The European principles of contract law, in their diverse expressions [Draft Common Frame of Reference (DCFR), Principles of European Contract Law (PECL), Principles of European Insurance Contract Law (PEICL), Principles of European Law, Sales (PEL S)] have received significant attention, especially in academic circles. The ongoing projects on the Principles of Latin American Contract Law and the Principles of Asian Contract law have not been as visible, and it is the great merit of this roundtable to make efforts to bring these projects in the spotlight of the academic debate. The presentations of the speakers were truly eye opening, the work on the Principles of Latin American Contract Law and the Principles of Asian Contract Law being capable of unraveling a whole new word of ideas for comparative contract law enthusiasts.

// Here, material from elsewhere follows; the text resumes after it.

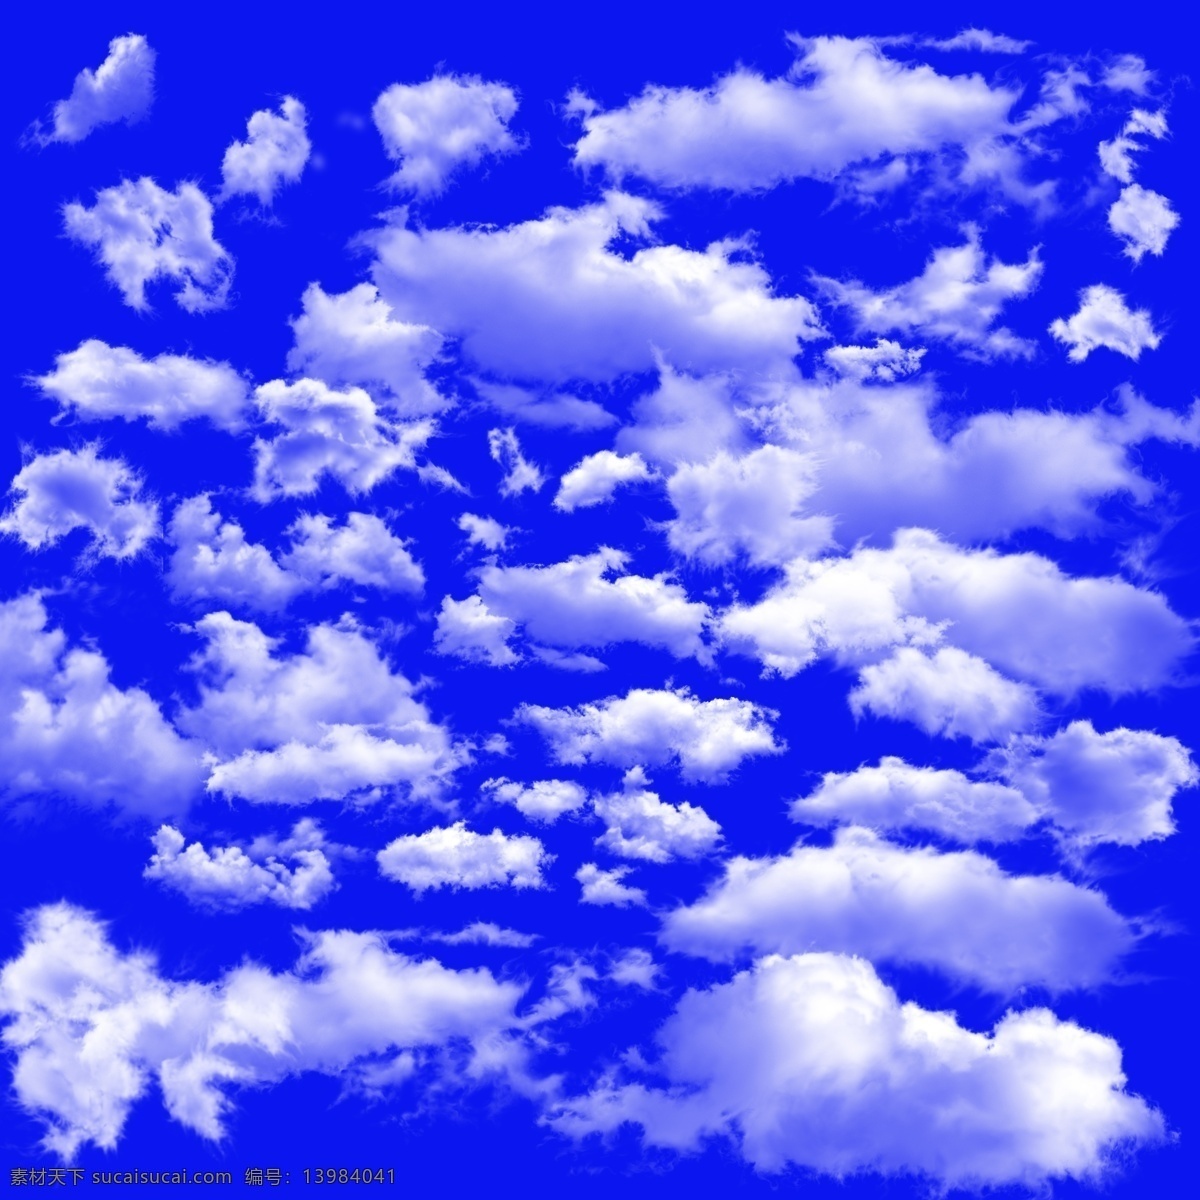 云朵 云朵素材下载 云朵模板下载 白云 白云素材下载 白云模板下载 云 云层 真云 分层 白云图案 云彩 风景 天空白云 蓝天白云 源文件

Looking back at the contributions of all the speakers and the attendees, the fact that this academic gathering was called a ‘roundtable’ seems really appropriate; the time allocated for presentations and the time for discussions was distributed equally, and the overall atmosphere of the discussions was very open to various perspectives and ideas. Professors, researchers, and law students sat together around the long table of the beautiful Bestuurskamer, at Maastricht University, and any pretention of hierarchy was left at the door. All the participants had an equal voice in the debate, and all the contributions brought something interesting to the overall discussion. Much is owed in this regard to the organisers, but also to the chairs of the roundtable’s two sessions and plenary discussion: William Bull, Jiangqiu Ge, Liuhu Luo, and Janwillem Oosterhuis (all from Maastricht University, and MEPLI fellows).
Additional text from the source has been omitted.